→ Problem to work on
Would you transcribe the whole listing exactly and drop its images?

━━ Information provided

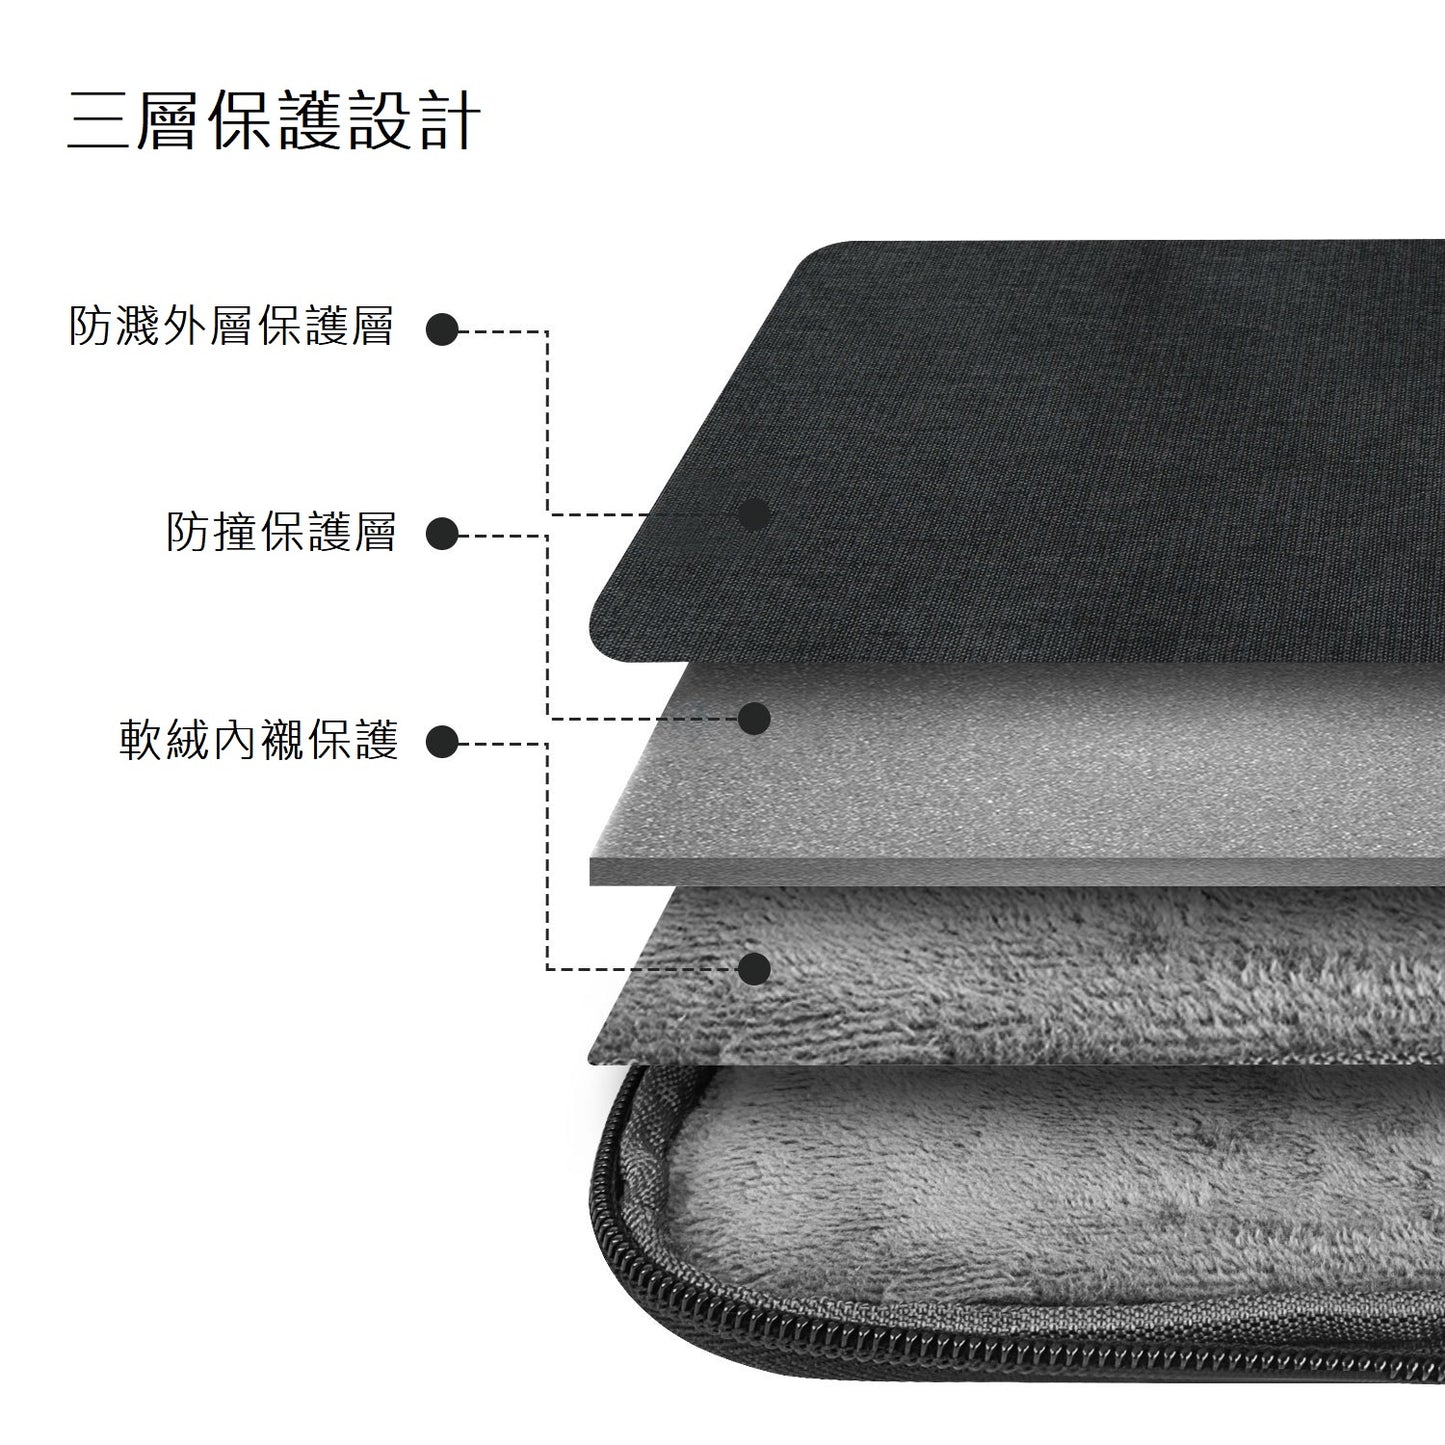 Portable laptop bag light and thin business unprinted 15.6 inch 13.3 inch inner bag multi-layer shockproof LTB-02
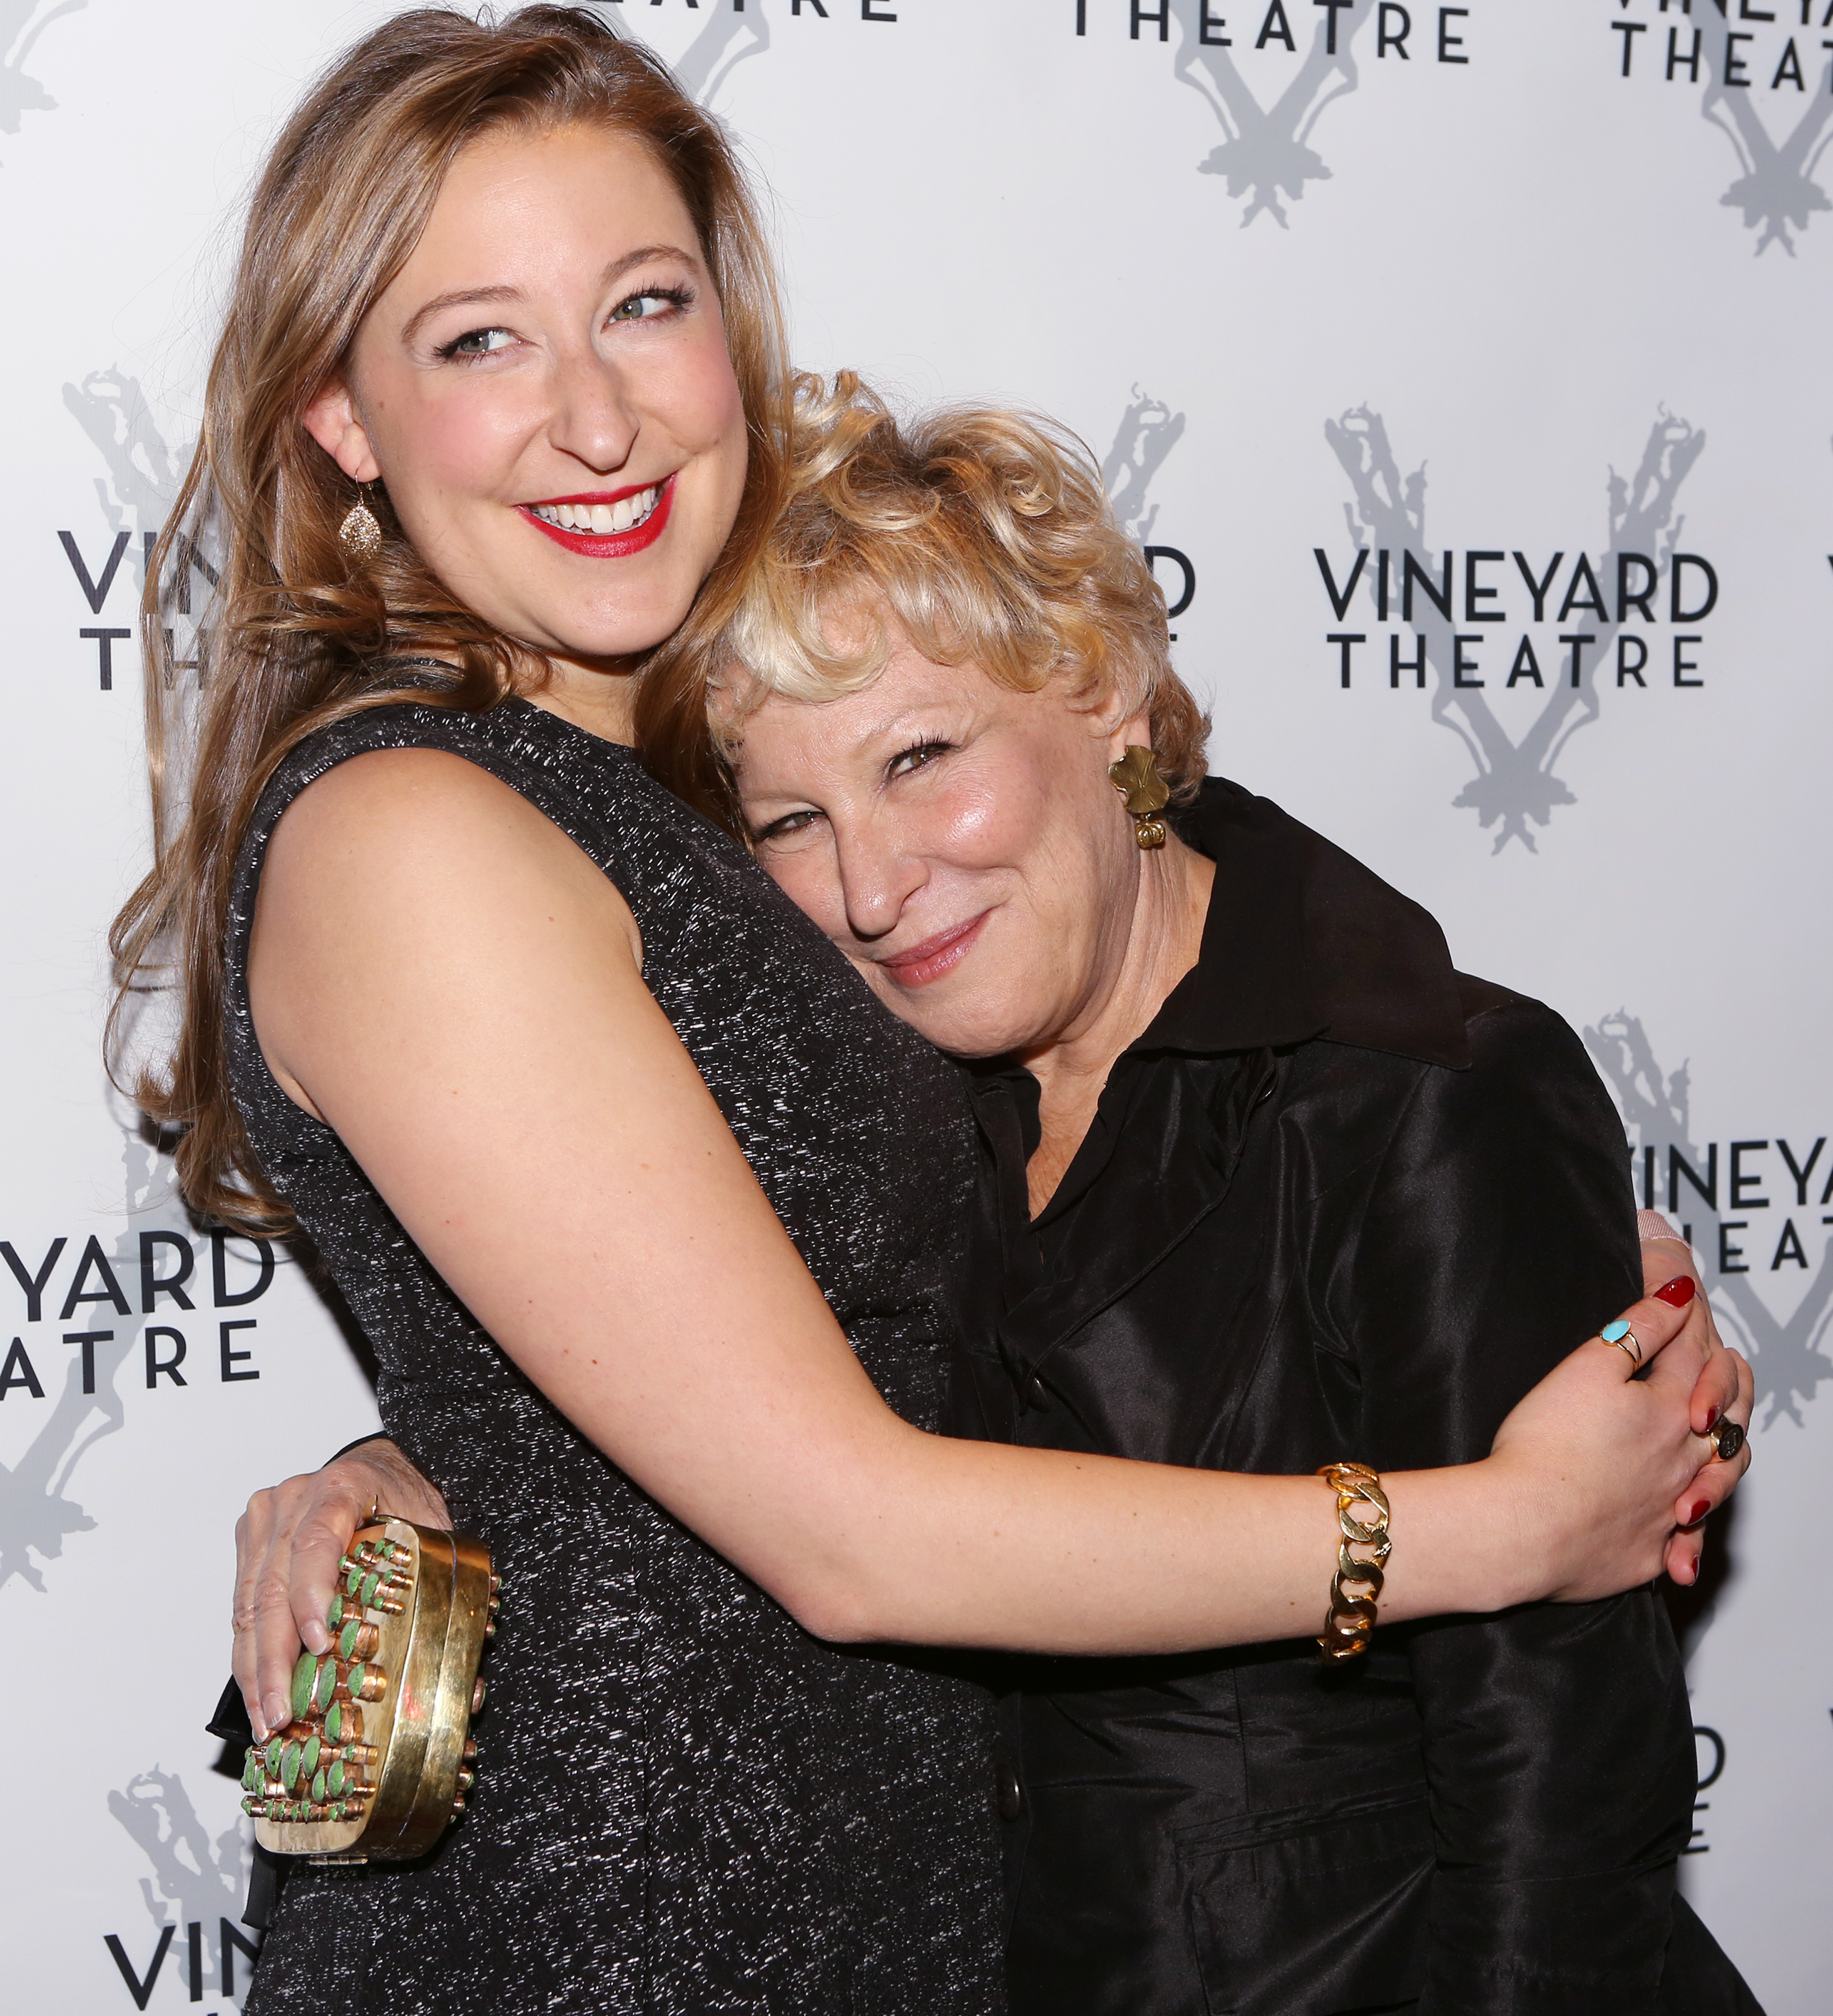 Sophie von Haselberg and mom Bette Midler attend the Off-Broadway opening night performance after-party for "Billy & Ray" at the Vineyard Theatre on October 20, 2014 in New York City. | Source: Getty Images
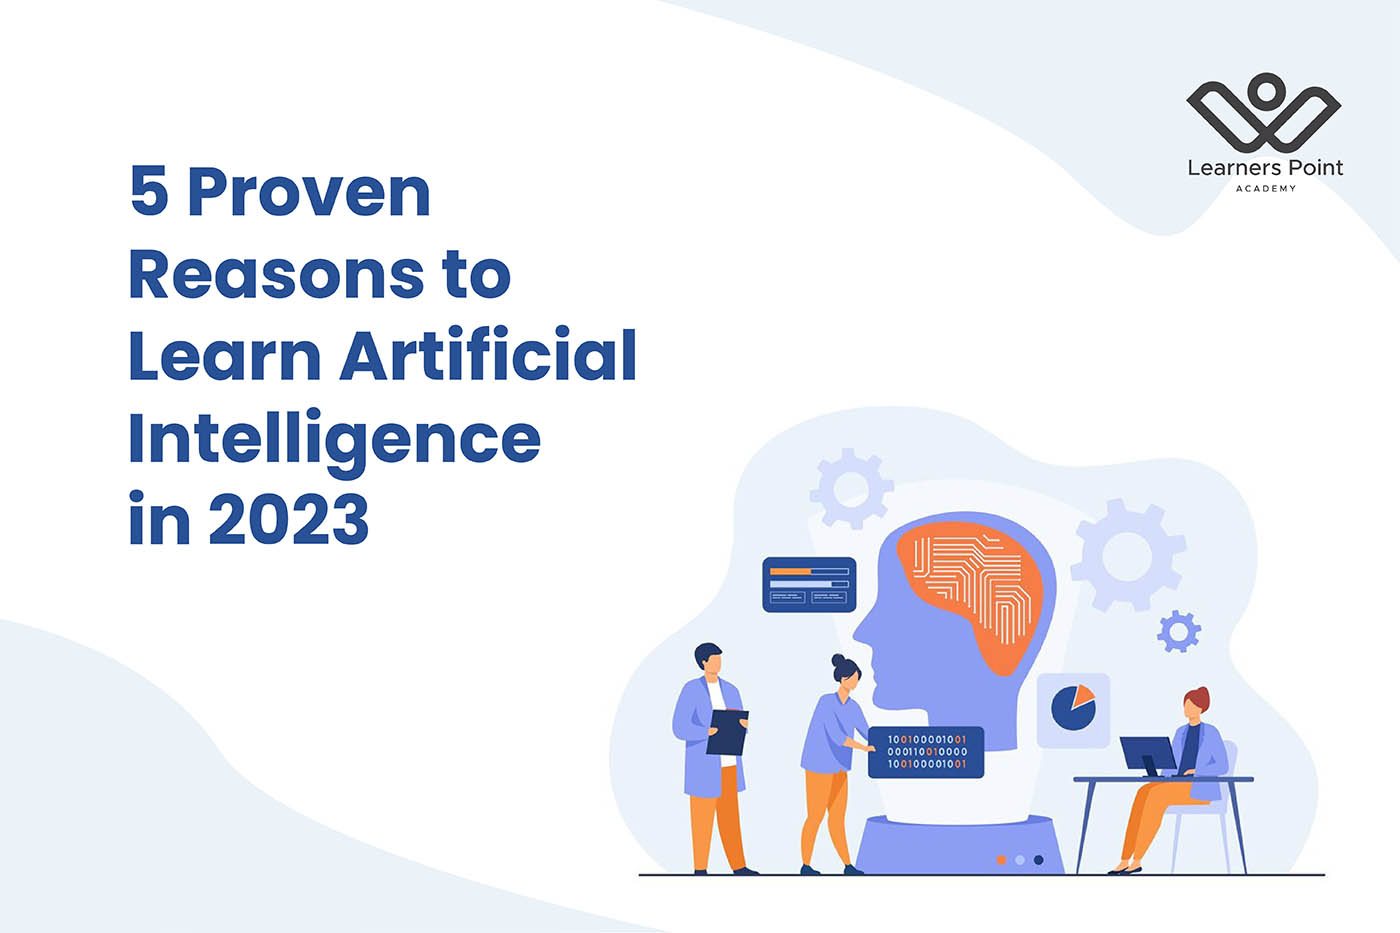 5 Proven Reasons to Learn Artificial Intelligence in 2023

━━━━

→ Answer section
 Portable laptop bag light and thin business unprinted 15.6 inch 13.3 inch inner bag multi-layer shockproof LTB-02
 Sophie von Haselberg and mom Bette Midler attend the Off-Broadway opening night performance after-party for "Billy & Ray" at the Vineyard Theatre on October 20, 2014 in New York City. | Source: Getty Images
 5 Proven Reasons to Learn Artificial Intelligence in 2023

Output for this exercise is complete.